Рассмеявшись, Хидэко стала рассказывать.
На протяжении семи лет брака темы их бесед, разумеется, менялись, но оба всегда вставали из-за стола удовлетворенные. Утром они главным образом говорили о том, что предстоит в этот день, за ужином — о том, что произошло за день… Обычно они избегают проявлений чувств в разговоре, потому никаких упреков, никакого недовольства или сердитого слова от мужа она ни разу не слышала.
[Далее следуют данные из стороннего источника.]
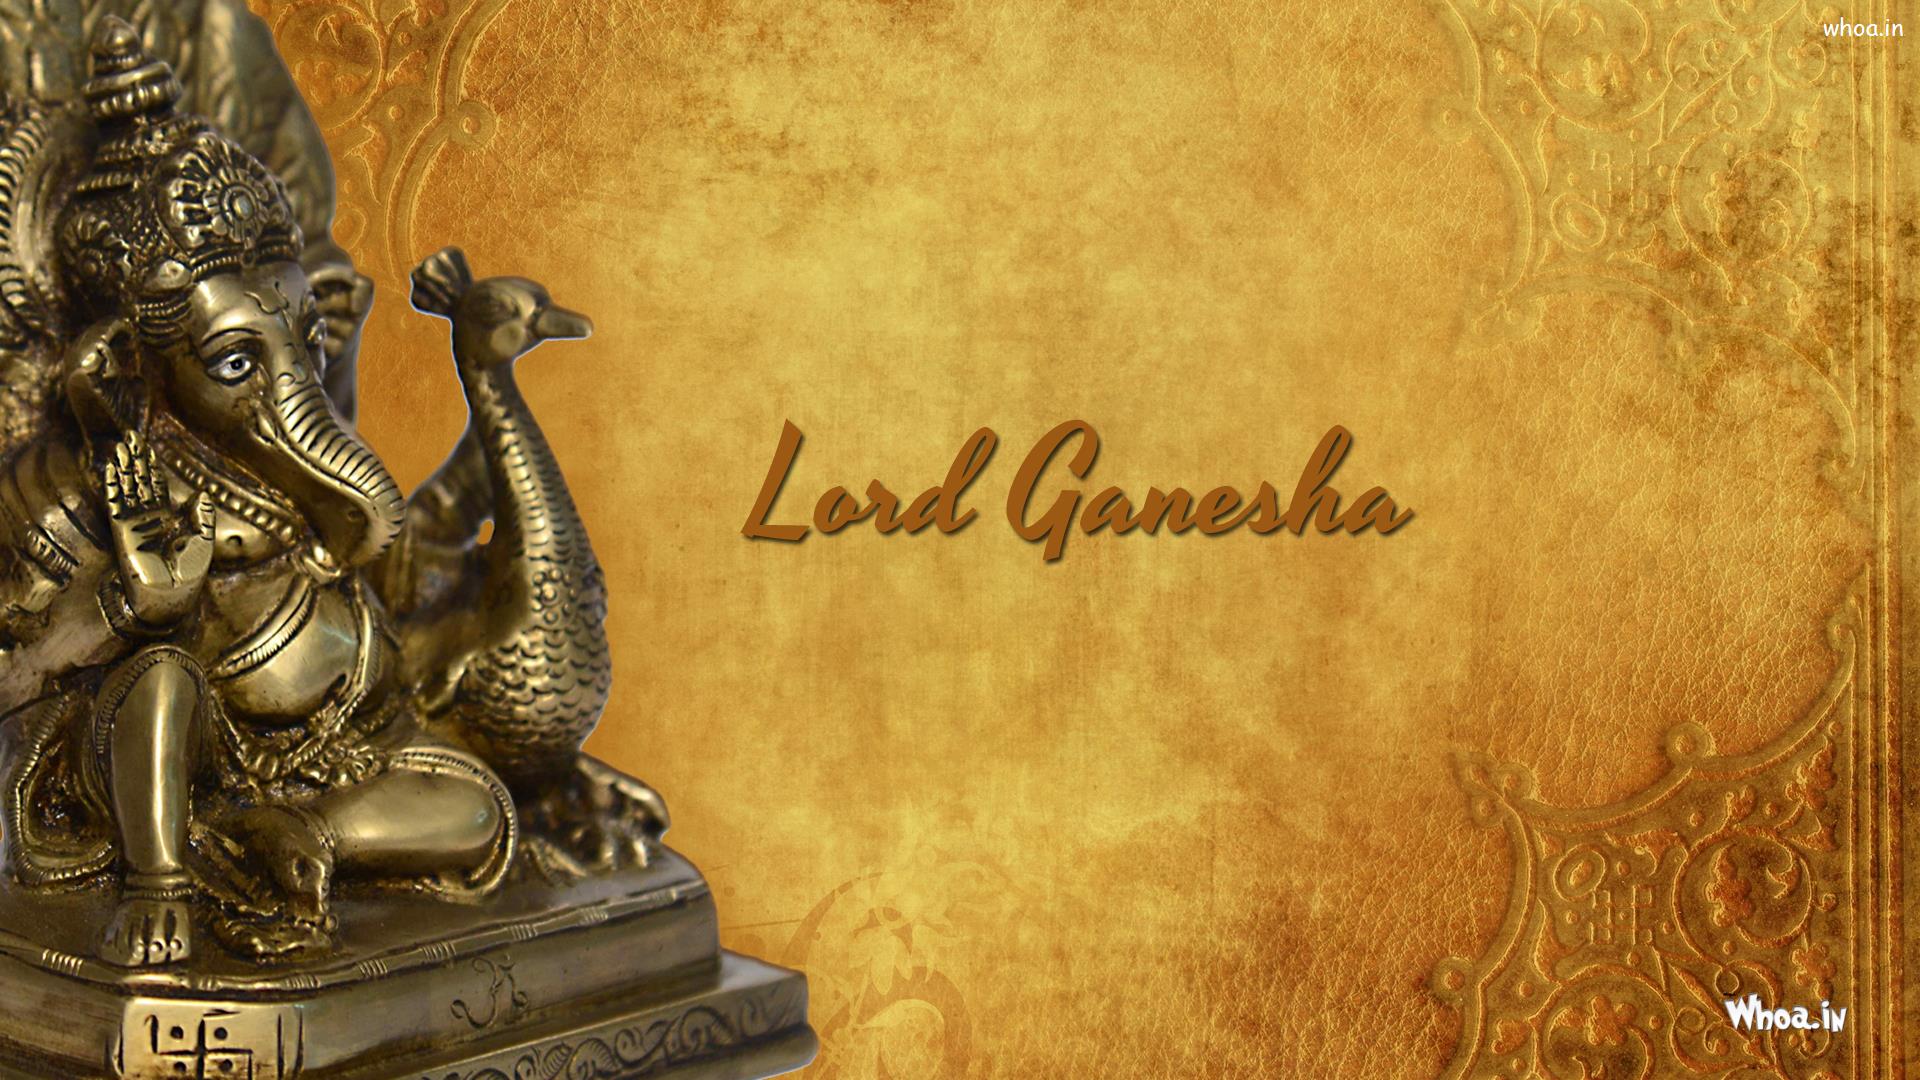 Lord Ganesha Statue With Yellow Background HD Wallpaper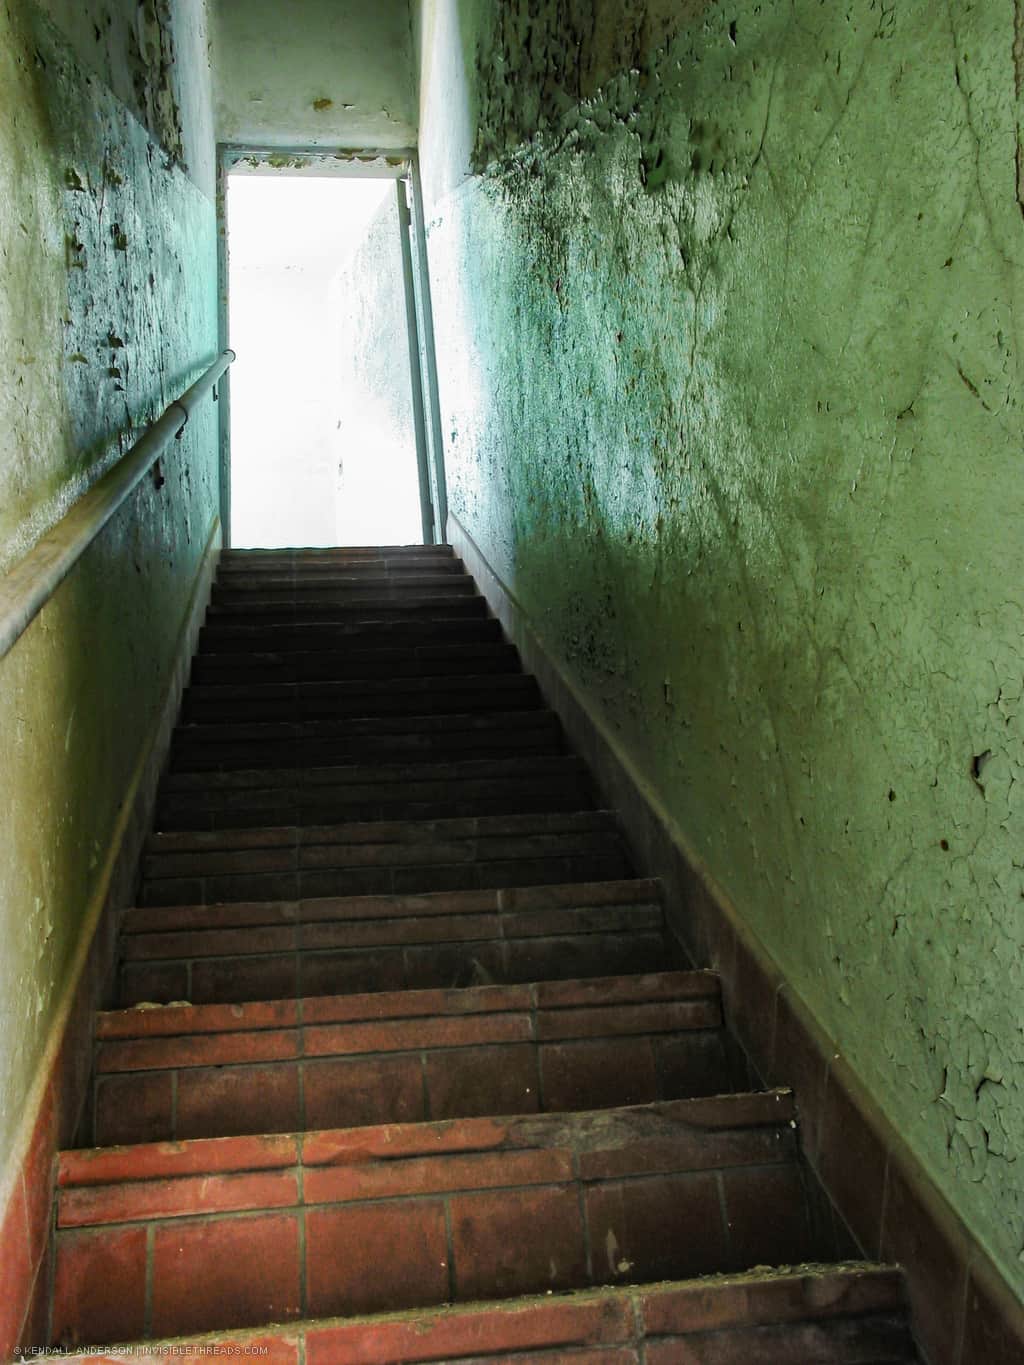 A stair leads up to the second floor, which is bright. The walls beside the stairs are green, dirty, and cracked.

За ужином она часто советуется с мужем по вопросам французской литературы, и он исполняет роль заботливого учителя.
Что же касается их индивидуальных занятий, муж не оставляет усилий сделать из нее первоклассного специалиста по французской литературе. Благодаря ему она смогла недавно опубликовать в одном французском научном журнале, в котором у него есть связи, свое исследование «Стиль Анатоля Франса». Она не вмешивается в занятия мужа и только с участием наблюдает со стороны, но это ведь естественно… Муж мечтал стать композитором, но отказался от этой мысли, поняв, что у него нет к этому способностей, и все же недавно он сочинил музыку для скрипки, ее мать исполнила эту пьесу под его аккомпанемент, и он был искренне рад, что смог потрафить своему пристрастию. Муж долго не мог решить, какому роду творчества посвятить свою жизнь, но недавно определился и написал книгу, напоминающую «Опыты» Монтеня, уже идет речь об ее издании, а теперь он приступает к работе над романом…
Дойдя до этого места, Хидэко, точно опомнившись, воскликнула, обратив на меня смеющийся взор:
— Ой, разве ж в этом тайна счастливого брака?
— Неужто больше ничего? — рассмеялся я в свою очередь.
— Ну… Кажется, много чего, а как подумаешь, вроде бы и рассказать не о чем. Странно, да?
— Судя по тому, что ты только что рассказала, не в том ли потаенная причина вашего семейного счастья, что Накамура, в отличие от большинства японских мужей, не ругает тебя, признает в тебе независимую личность да еще и всячески помогает тебе в научной работе? И ты, со своей стороны, уважаешь Накамуру, ценишь его человеческие качества, а кроме того, как хорошая жена, умеешь, не лебезя, не вмешиваясь, смиренно служить ему… Может быть, в этом все дело?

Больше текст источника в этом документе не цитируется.